We are developing the social individualist meta-context for the future. From the very serious to the extremely frivolous... lets see what is on the mind of the Samizdata people.

Samizdata, derived from Samizdat /n. - a system of clandestine publication of banned literature in the USSR [Russ.,= self-publishing house]

Samizdata quote of the day

Well, fancy giving money to the Government!
Might as well have put it down the drain.
Fancy giving money to the Government!
Nobody will see the stuff again.
Well, they’ve no idea what money’s for –
Ten to one they’ll start another war
I’ve heard a lot of silly things, but, Lor’!
Fancy giving money to the Government!

– A.P. Herbert (no relation)

Thanks to Brian Walden for reminding me of this, in a brilliant but very depressing radio essay: Lessons from Herbert.

9 comments to Samizdata quote of the day

  • It would work well in Music Hall or Panto as the singalong.

    I suddenly had a vision of of some imaginary variety turn, Arthur Cockles, an amiable Gor Blimey Cockney singing it to a G & S style melody.

    (I must get out more…)

  • guy herbert

    The other Herbert wrote extensively for the musical theatre.

  • Walden says such a view of Britain is “gone beyond recall” eh? Of course by accepting the enemy meta-context it becomes a truism that one cannot imagine anything being different to the ways things are now.

    So refuse to accept the axioms, the ‘adjudicated facts’, the underpinning assumptions. You will be called unrealistic, a crackpot and (worst of all in Britain) an idealist… but no one wins a war if all you ever do is fight every battle on ground of the enemy’s choosing. Say the unthinkable and gore the sacred cows.

  • Perry,

    In other words, fight your own battles.

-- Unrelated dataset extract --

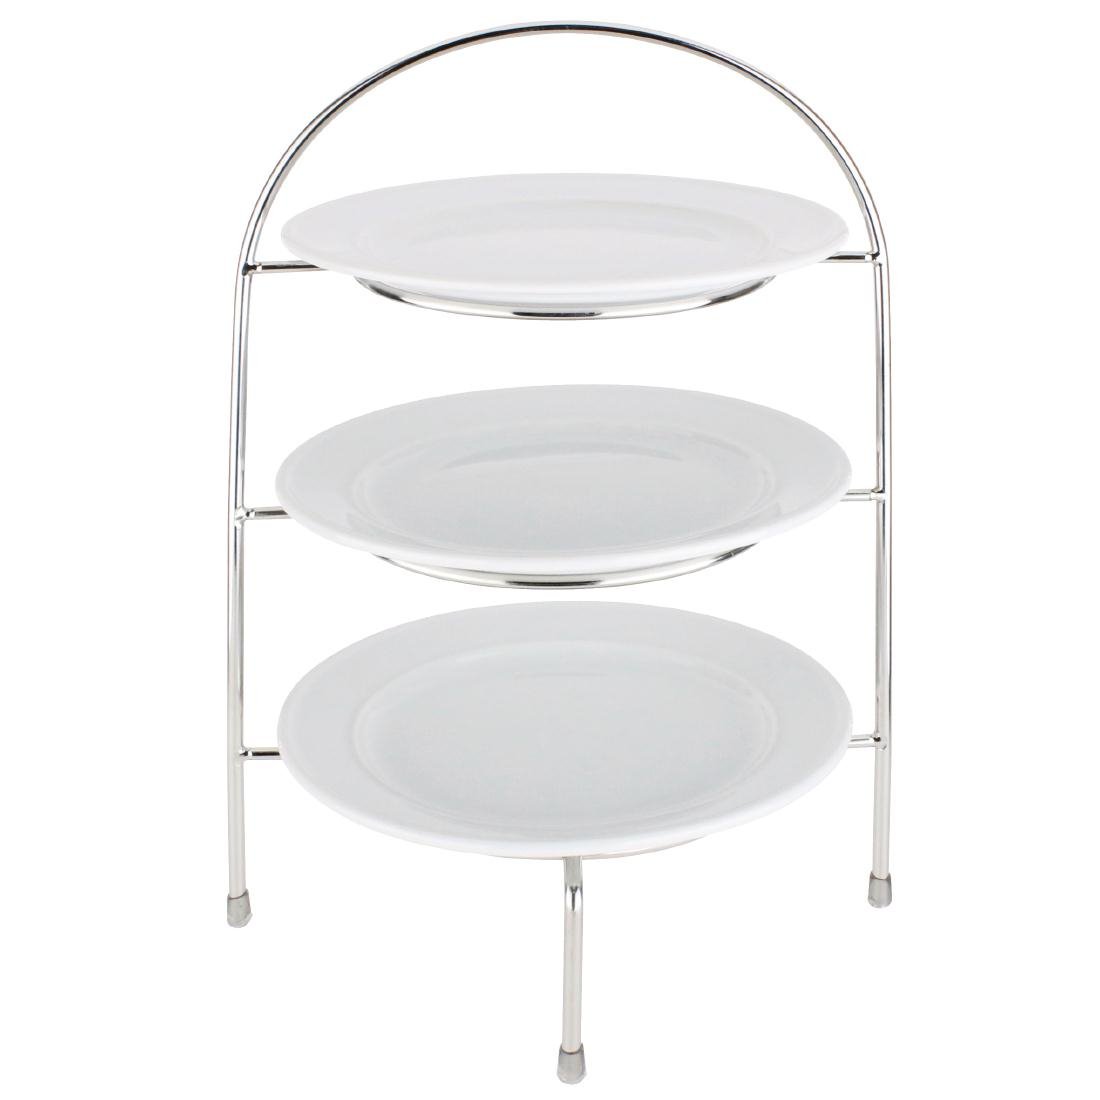 Afternoon Tea Stand for Plates Up To 210mm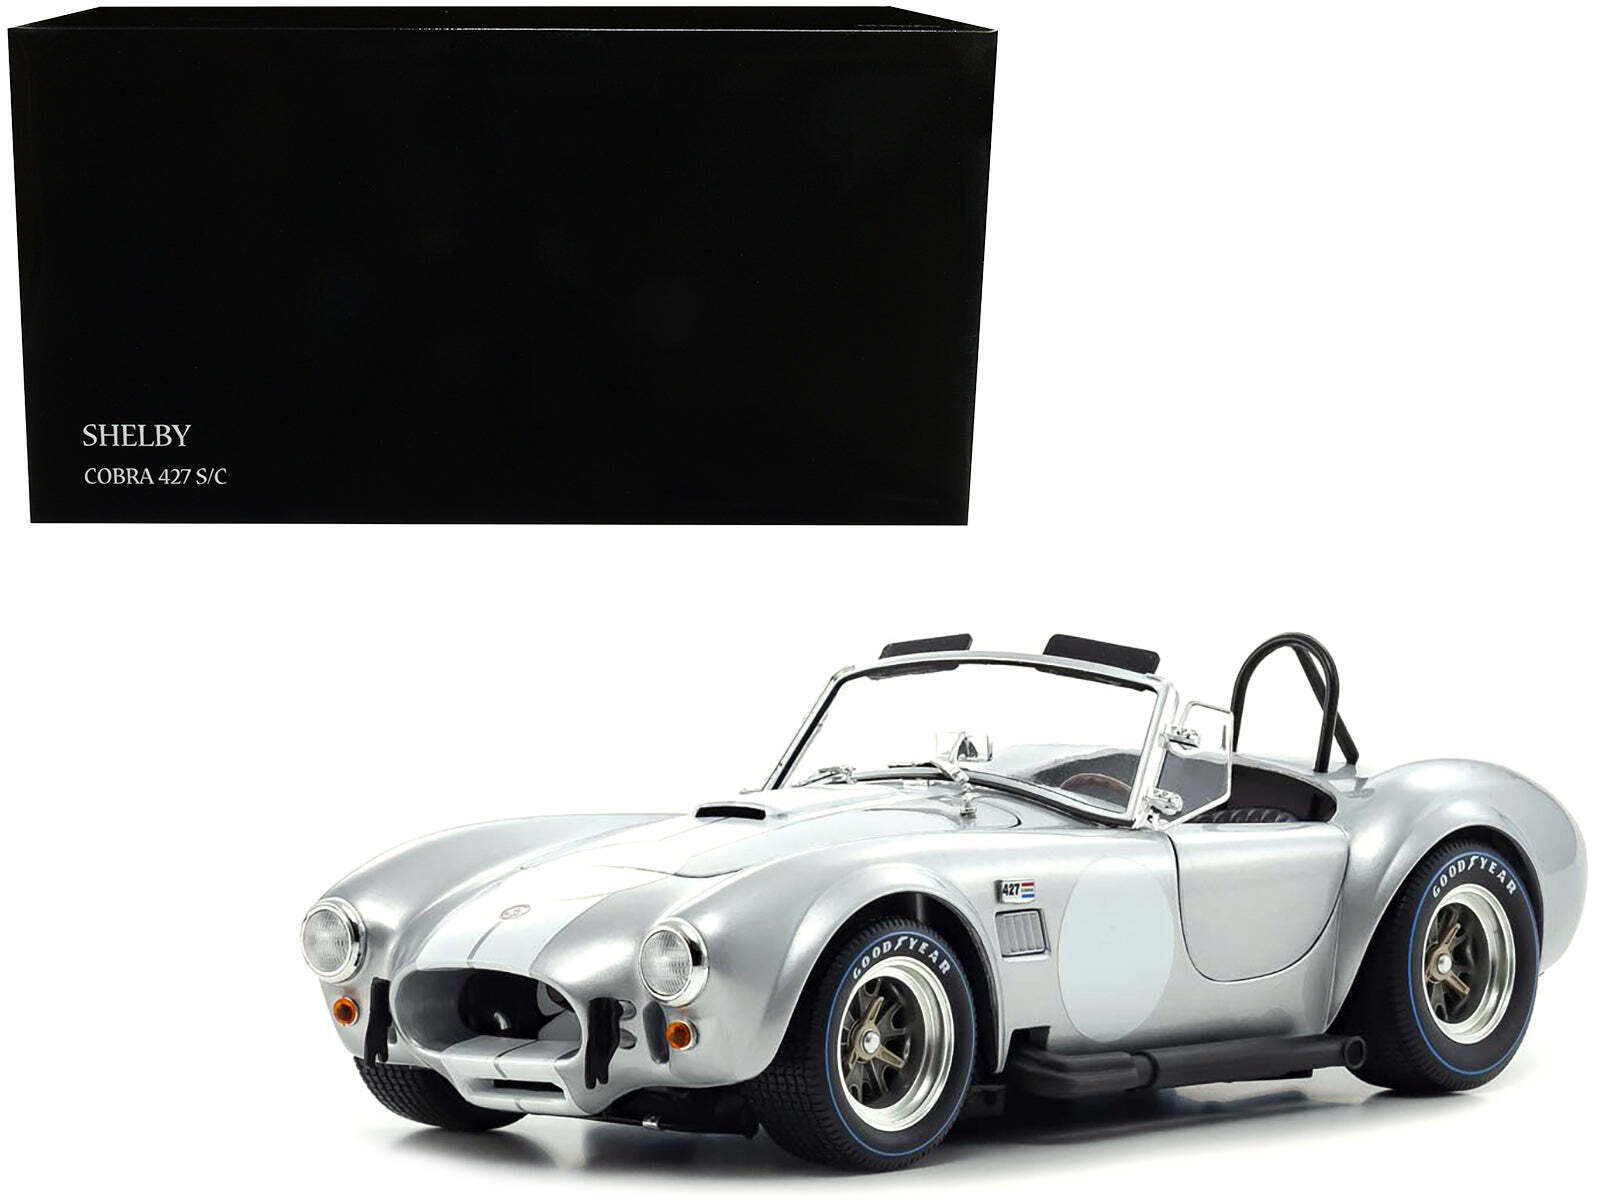 Shelby Cobra 427 S/C Silver Metallic with White Stripes 1/18 Diecast Model Car

One should always choose ground that is unfamiliar to the enemy if possible.

    Not sure that’s happening at the moment in our present political environment…

    Julius Seizer

  • TDH

    PJ O’Rourke said it more succinctly:

    “Giving money and power to government is like giving whiskey and car keys to teenage boys.”

    For what it’s worth . . .

  • Julian Taylor

    For my penny’s worth I’m with the (unattributed) quotation that,

    Politicians are like diapers. They both need changing regularly and for the same reason.

  • TDH

    My only modification to that statement would be to substitute ‘disposal’ for ‘changing’ . . .

  • John K

    Of course no-one “gives” money to the government, it is extorted by threat of force. It always annoys me when political weasels such as LibDums say they will “ask” people to pay more tax. What sort of question is it when the “wrong” answer gets you jail time?

  • Paul Marks

    Of course even in 1890 people who wanted a smaller government were very much on the defensive, indeed it was a couple of years later that Gladstone was forced out (with a lot of false tears at the cabinet meeting from that swine Harcourt).

    One has to go back to 1874 to find an election where the Liberals were campaigning to reduce taxation. Although government was so small in those days that “reducing taxation” meant getting rid of income tax entirely.

    On the general conflict today:

    We have the great advantage of truth.

    Certainly the statists control the “education system” and much of the media, but what they say is not true.

    More government spending of taxpayers money and more regulations will not make X, Y, Z, things better.

    One day most people may (if we work hard to draw it to their attention) notice this fact, and turn away from thinking “If only we had Mr B. rather than Mr A. as Prime Minister” or “if only we had businessmen [or nonbusinessmen] running the N.H.S.” to looking for an alternative to violence (taxes and regulations) to organise human activities.

    Voluntary (civil) cooperation (whether “for profit” or not) is not dead and it can make a come back.